Curated by Matthew Higgs, director of the esteemed New York gallery White Columns, the exhibit loosed itself upon Detroit with a special reception last Saturday night. Music acts Little Claw, Pink Reason and Michael Yonkers performed. But most befitting the exhibit was a reading by poet John Giorno, joyously exercising his still-spry septuagenarian voice and body in a display that proved the power of words as art. Performance art.
“People traditionally think that poetry is something you read sitting in a chair,” said Giorno, founder of the Giorno Poetry Systems collective and its Dial-A-Poem experiment (although the most easily recognized as subject of Andy Warhol’s “Sleep”). “But there are other avenues.

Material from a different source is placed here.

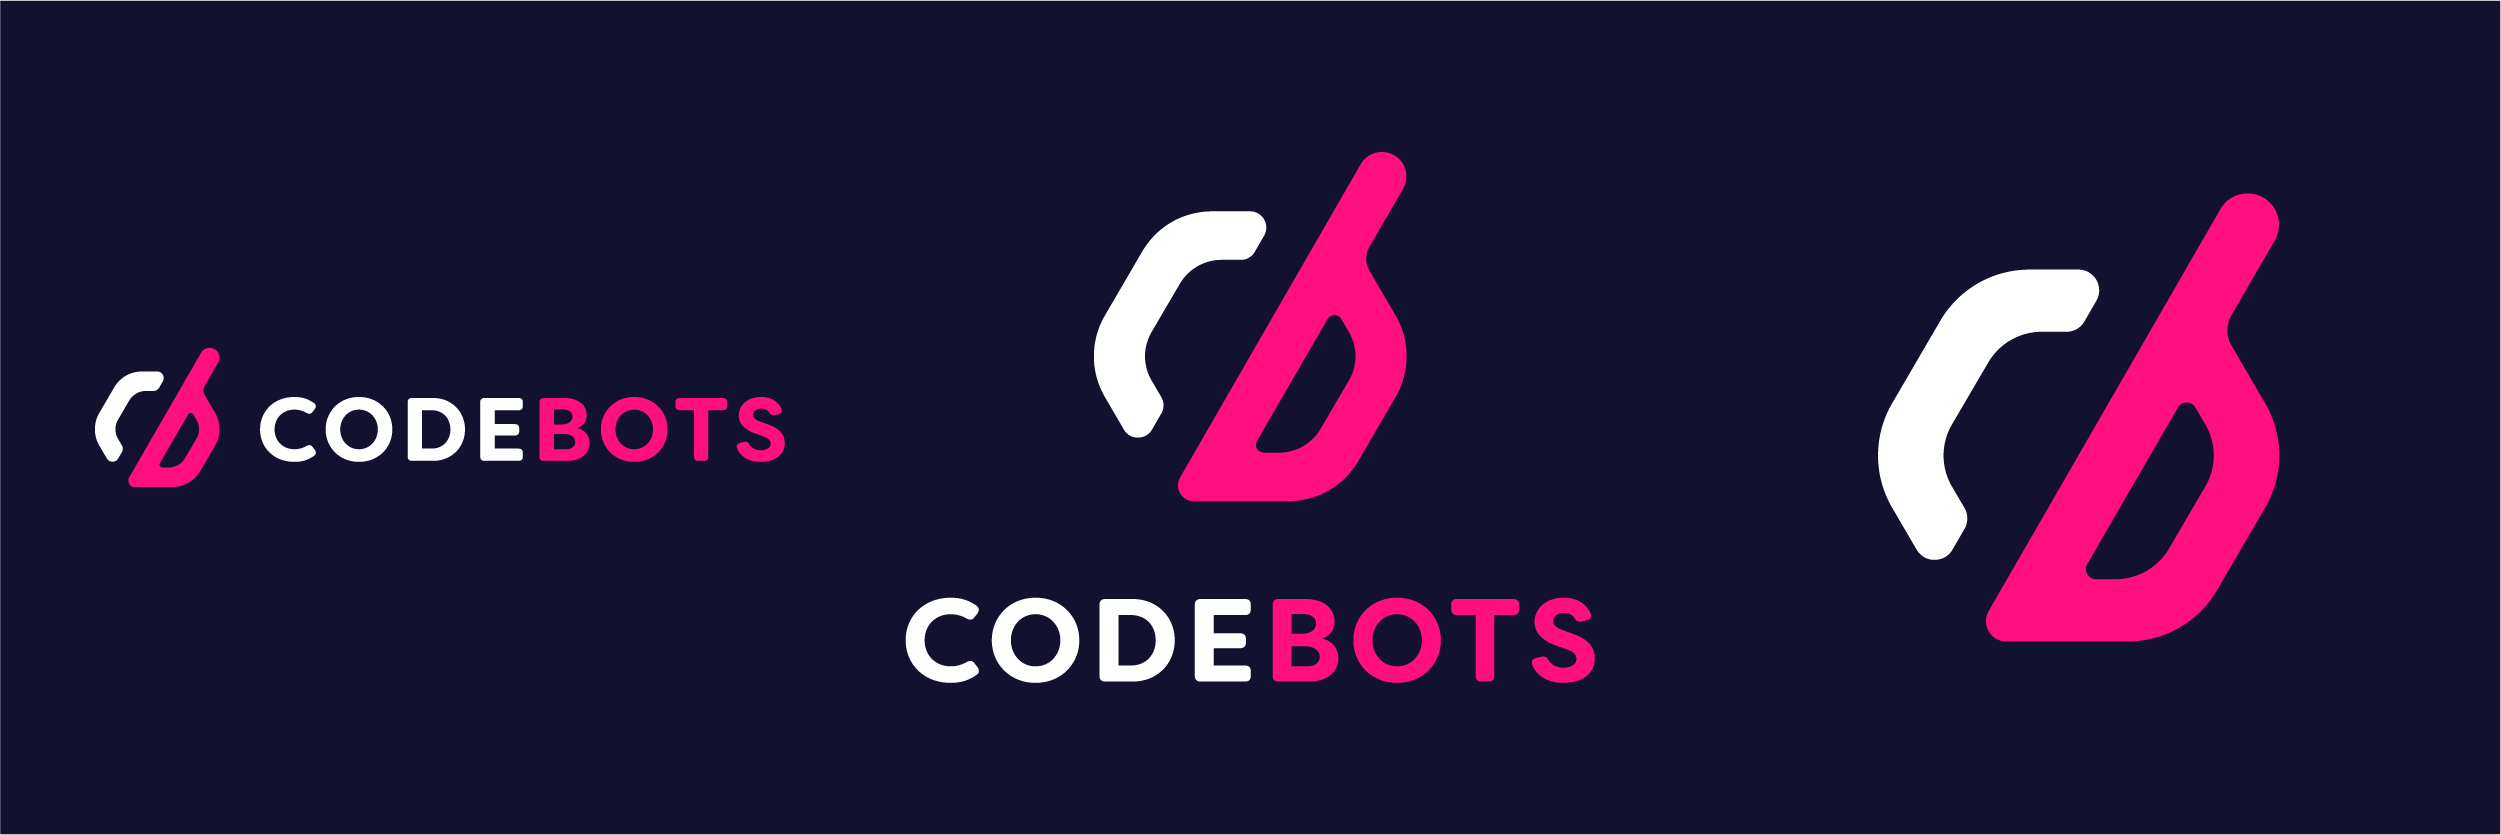 Codebots light logo

You can make it an art form.”
For the crowd gathered in the MoCAD’s central room Saturday, Giorno alternately barreled and tiptoed his way through half a dozen pieces. He read excerpts from “The Death of William Burroughs,” about being with friend Burroughs before and immediately after the author’s death 10 years ago.
“I kissed him,” he read. “An early LP album of us together, 1975, was called Biting Off The Tongue Of A Corpse. I kissed him on the lips, but I didn’t do it . And I should have done it.”

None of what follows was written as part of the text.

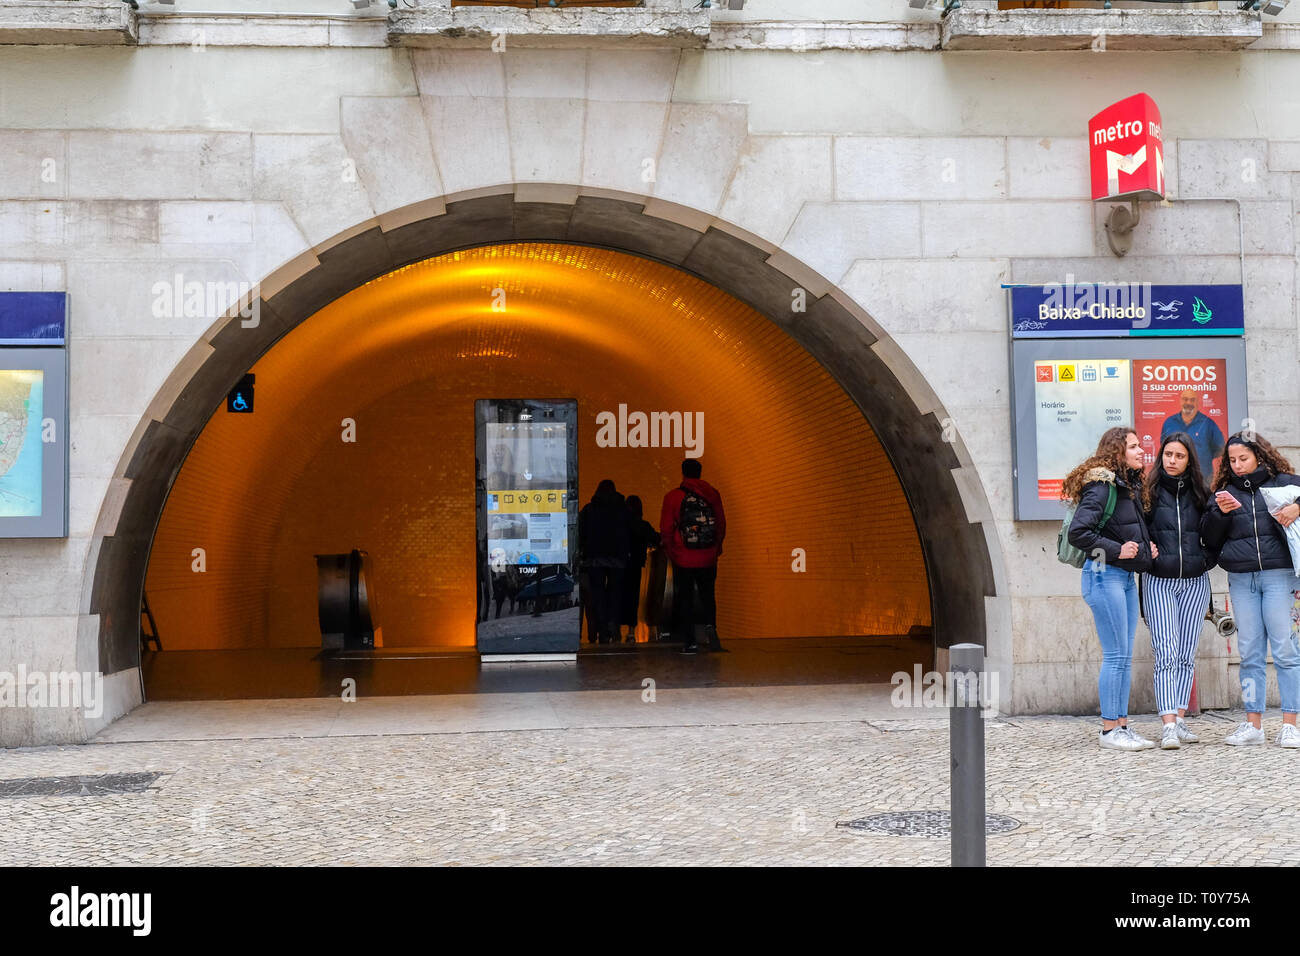 Baixa-Chiado metro station, Lisbon, Portugal. February 2019. Stock Photo

He performed other poems like “Welcoming the Flowers” and “Thanks For Nothing” in full. “Countless lovers of boundless, fabulous sex,” he repeated again and again during what he declared the world premiere of “Thanks For Nothing.” Giorno had performed it once before, a year earlier at the Howl Festival in New York. But that didn’t really count, he said, to an appreciative audience.
What worked so well with Giorno’s performance was that it complemented, rather than stole attention from, the artwork on display. What Giorno does sonically when he plays with the English language, the 16 installations that comprise “Words Fail Me” do visually. The presentation matters as much as the content.

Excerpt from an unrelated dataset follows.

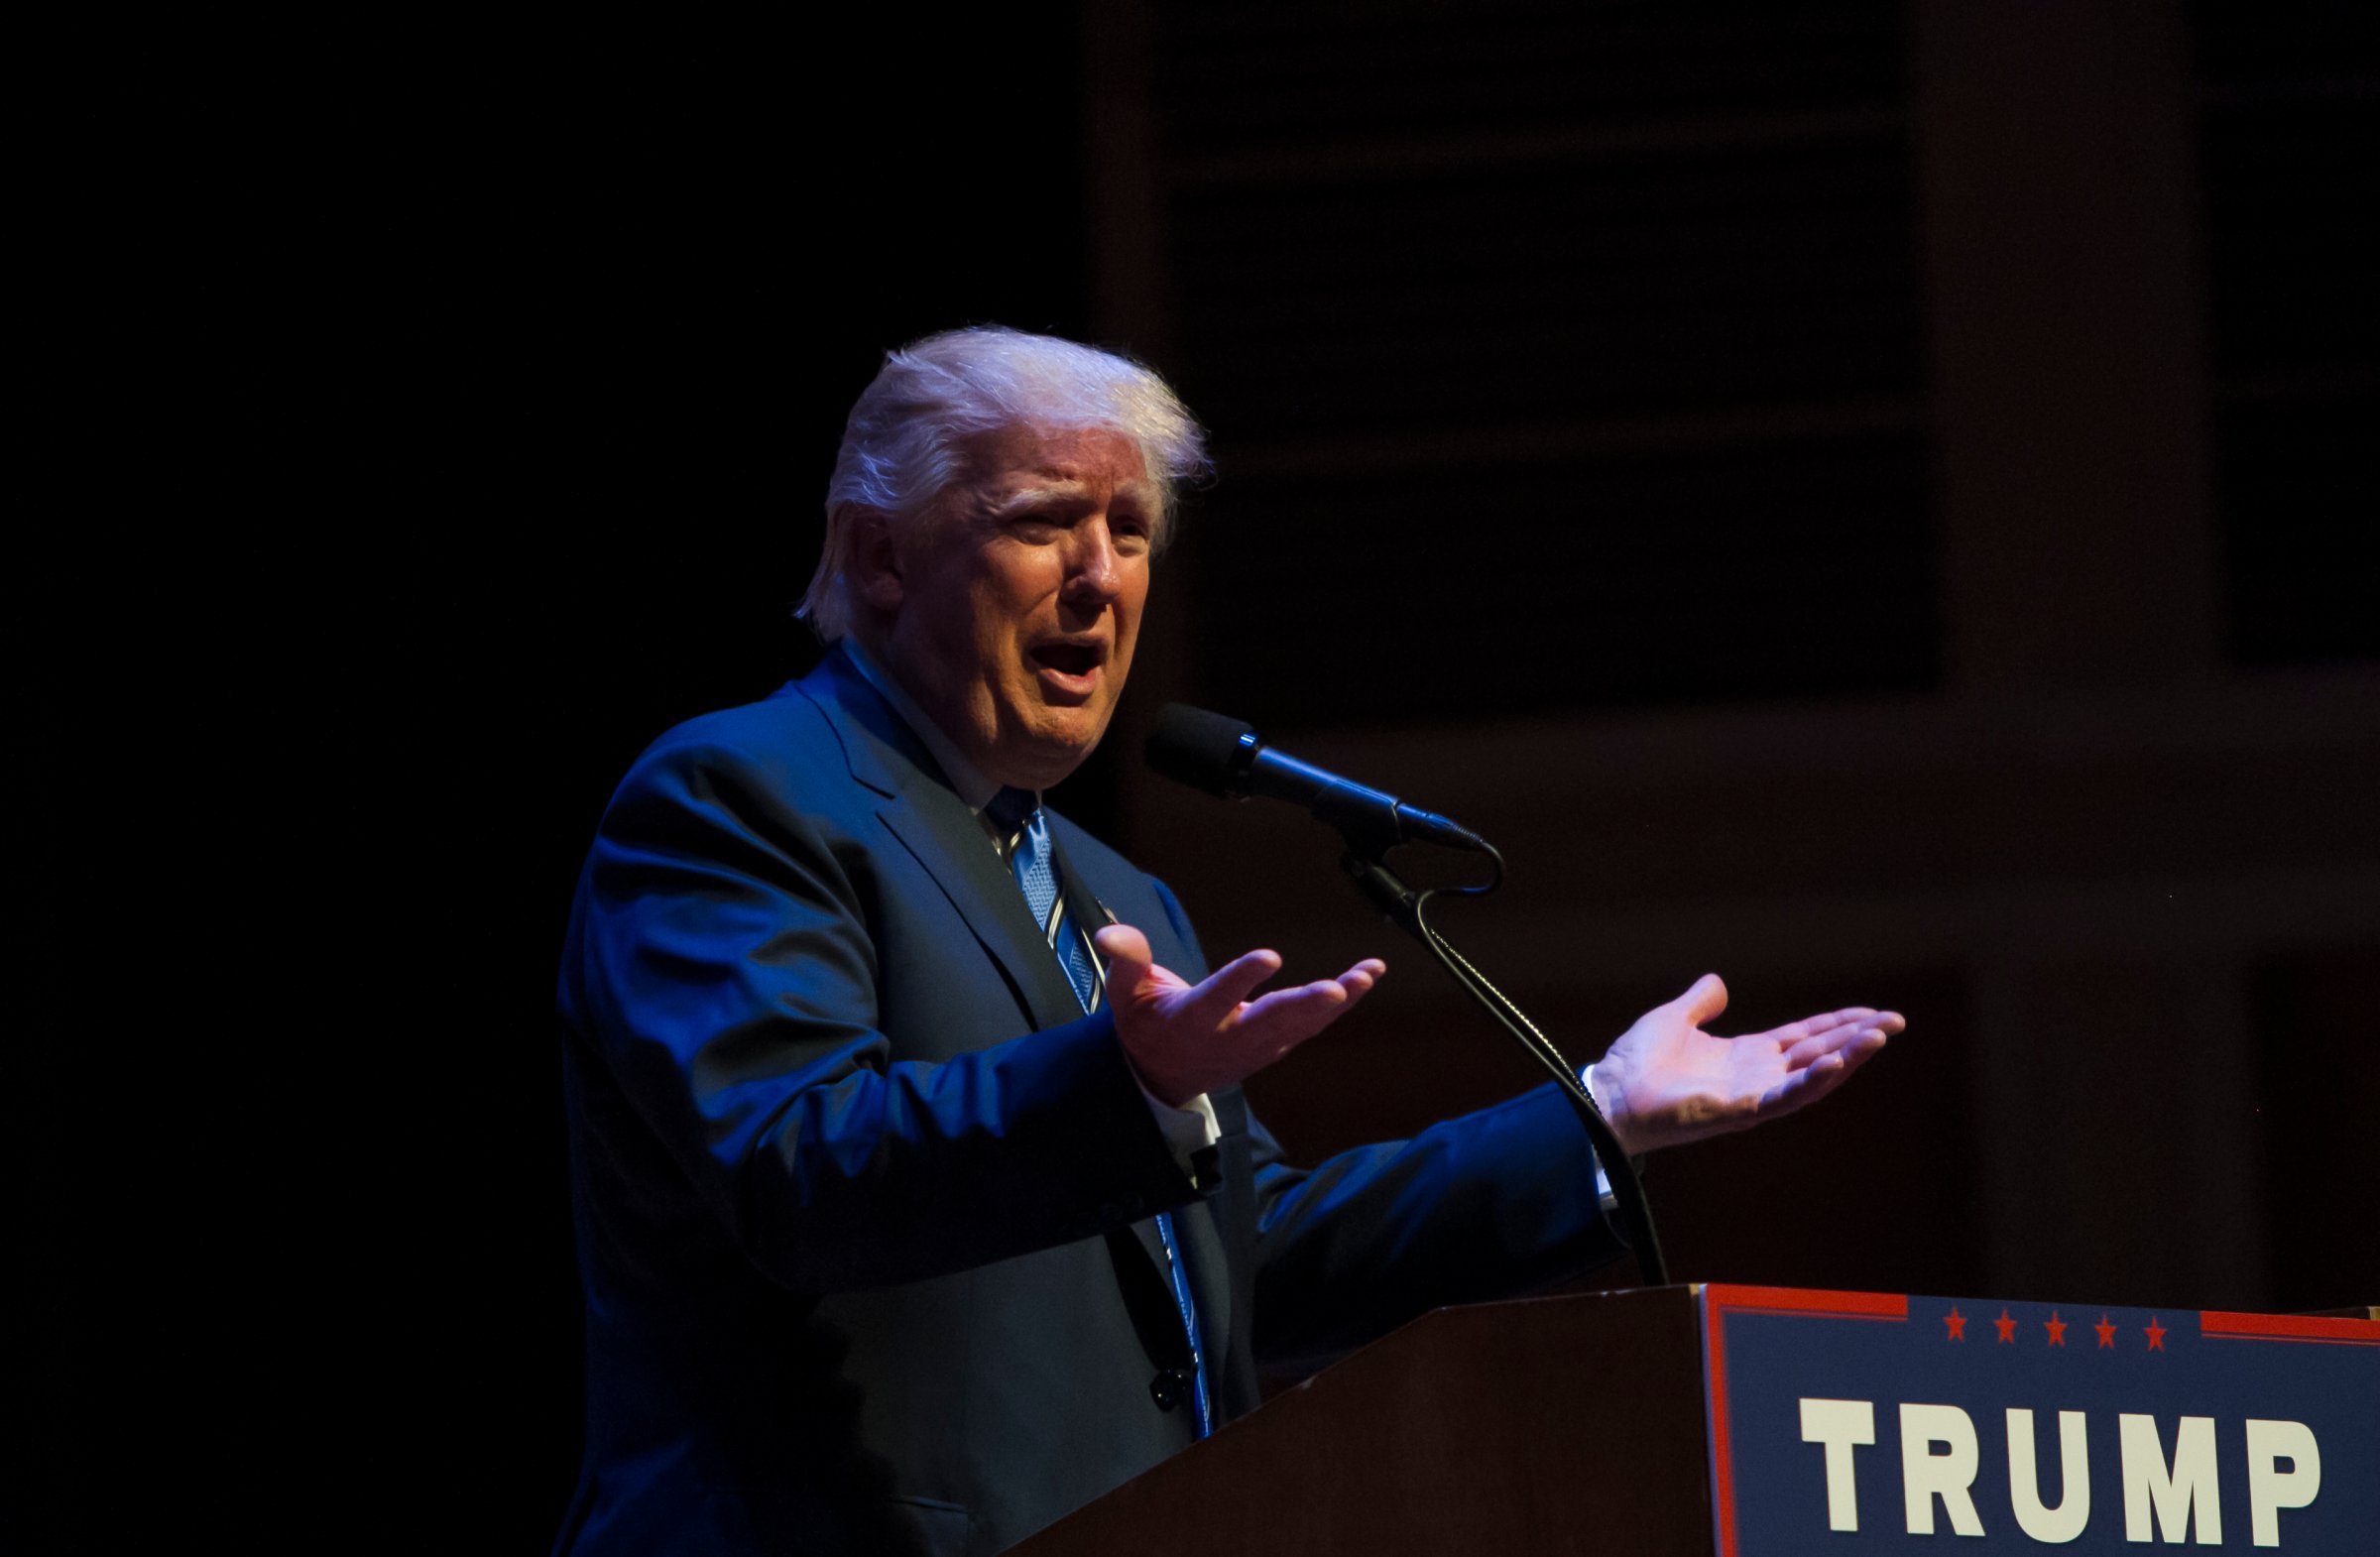 Republican Presidential candidate Donald Trump speaks at the Merrill Auditorium in Portland, Maine, on Aug. 4, 2016.

For “Words Fail Me,” Higgs has collected posters, paintings, videos and various signage. Some pieces are as deceptively simple. Martin Creed’s “Word No. 336” consists of the word FEELINGS in pink neon lighting. Both the medium and the word are ripe with connotation. The louche commercialism of the sign – reminiscent of strip clubs and convenience stores – contrasts the response suggested by the word.
Another installation, Ryan Gander’s “Encrypt Encrypt Encrypt,” relies on the absence of language. A trio of television screens play karaoke videos united in their complete lack of words. Instead, bouncing cartoon cues hint at the non-existent lyrics below. Clearly intended to be especially thought provoking, the piece is mostly frustrating.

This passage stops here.